With only one two weeks remaining before the official start of the Legislative Session, legislators and lobbyists are still scrambling to influence the key issues that will be addressed during the 60-day session.
Scope of Practice issues continue to dominate Medicine's agenda; ARNPs have filed the usual bills allowing them to prescribe controlled substances (SB 602 and HB 485); PAs have filed bills to allow their charts to be free from physician review (HB 859 and SB 1690), and the naturopaths are rumored to have secured Representative Marty Bowen as a House sponsor for their licensing bill and have made a presentation to the Senate Health Care Committee. Medicine is responding to the challenge, having filed bills requiring the disclosure of one's licensure (HB 587 and SB 416), minimum supervision requirements (HB 571 and SB 1420), and additional Board of Medicine authority to regulate supervising physicians (HB 699 and SB 1216). Of all these bills, however, only the Licensure Disclosure bill has even been on a Committee agenda prior to Session.
The House is poised to consider the elimination of joint and several liability (HB 145) during its first week of Session, although the Senate companion bill (SB 2006) has yet to even receive its committee references. Meanwhile, Medicine's Expert Witness Certification Bill is still awaiting formal filing in both the House and Senate.

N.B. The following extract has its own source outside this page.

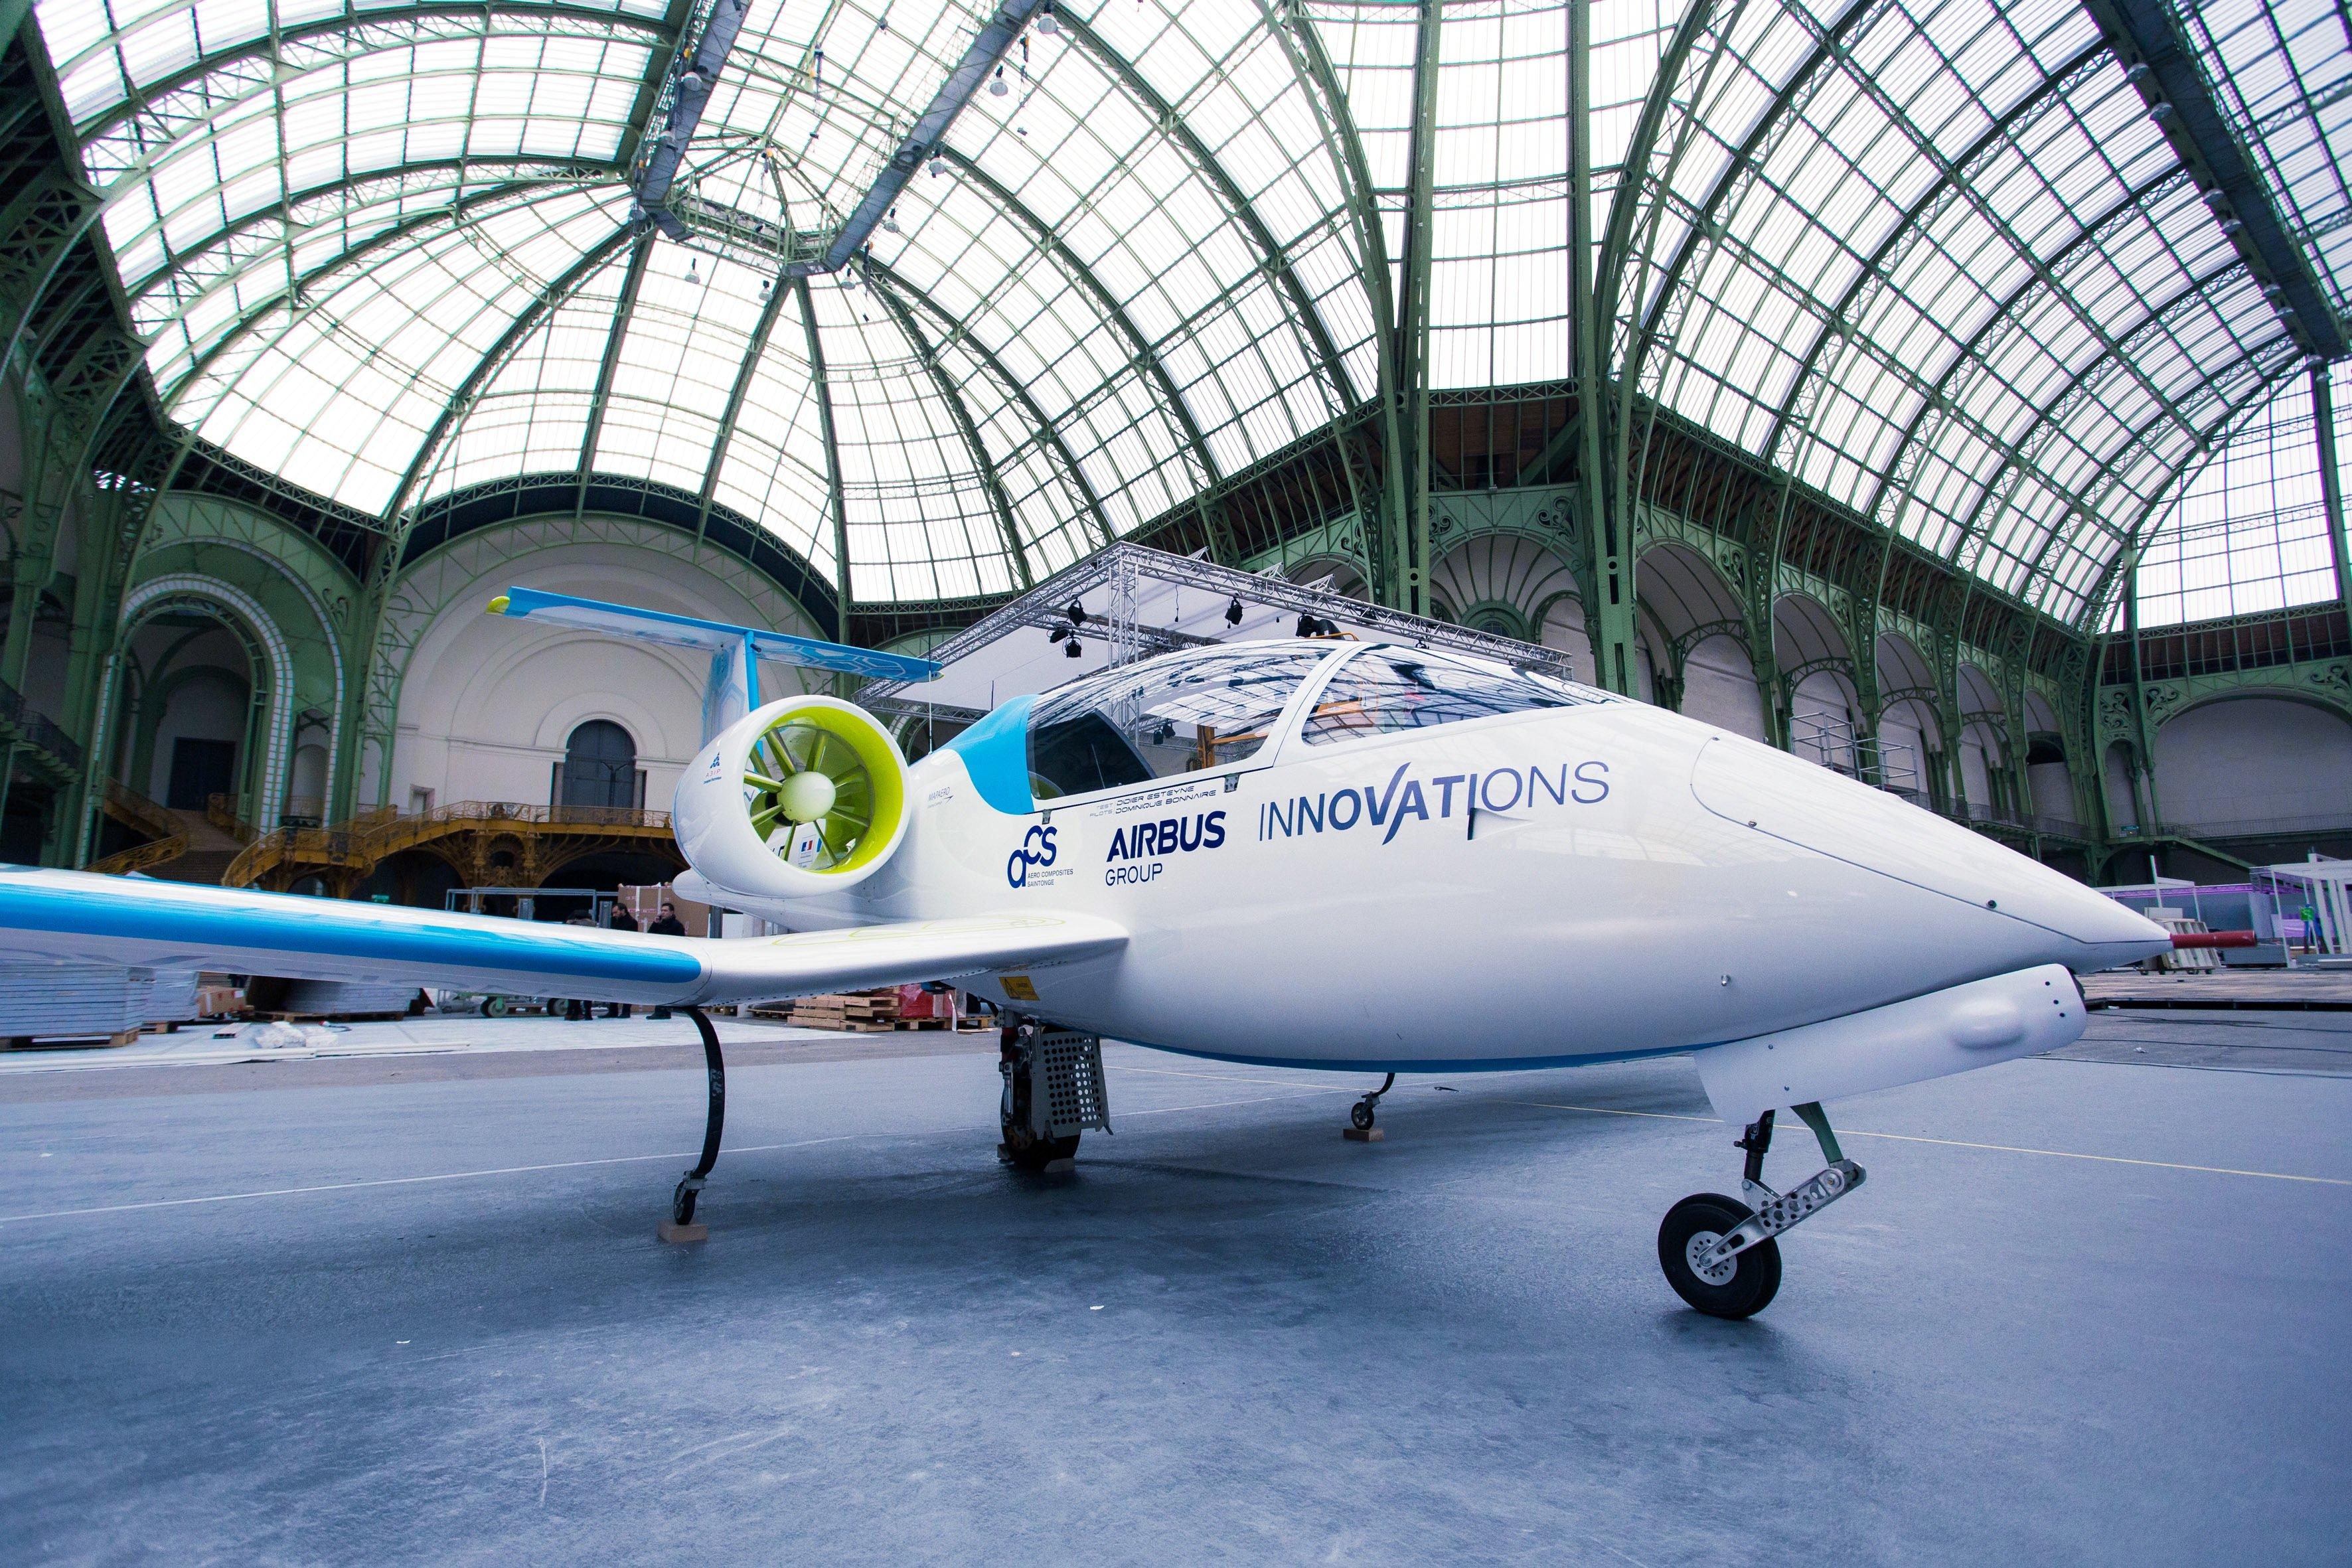 Die E-Fan von Airbus im Grand Palais in Paris: Am 10. Juli hebt das Flugzeug zum ersten Flug eines Elektroflugzeuges über den Ärmelkanal ab.

We continue to oppose attempts by Senator Jones and Representative Farkas to require commercial insurance for physicians, as such a requirement would be devastating to those for whom professional liability insurance simply is too expensive or not available. Fortunately, both bills received numerous references, and we have received encouraging feedback from legislators indicating a likelihood that the bills will be defeated.
In Washington, the President has signed the 2006 Budget Bill which rescinds the 4.4% Medicare fee reduction and has no Pay for Performance provisions. 2006 will be devoted to replacing the Sustainable Growth Rate formula (which calls for a 26% fee reduction by 2012) with a more rate formula and ensuring that any Pay for Performance proposals (of which there will be many) do not add layers of cost and hassle to the physician practice.
All of these efforts would not be possible without the help of our physicians. Special thanks to resident; Regina Marranzini, M.D., ORMC, and to our key contact members; Mary T. Busowski, M.D., Winter Springs, and Michael A. Zimmer, M.D., FACP, St. Petersburg, for spending February 8th in Tallahassee to lobby on behalf of the Chapter and our patients.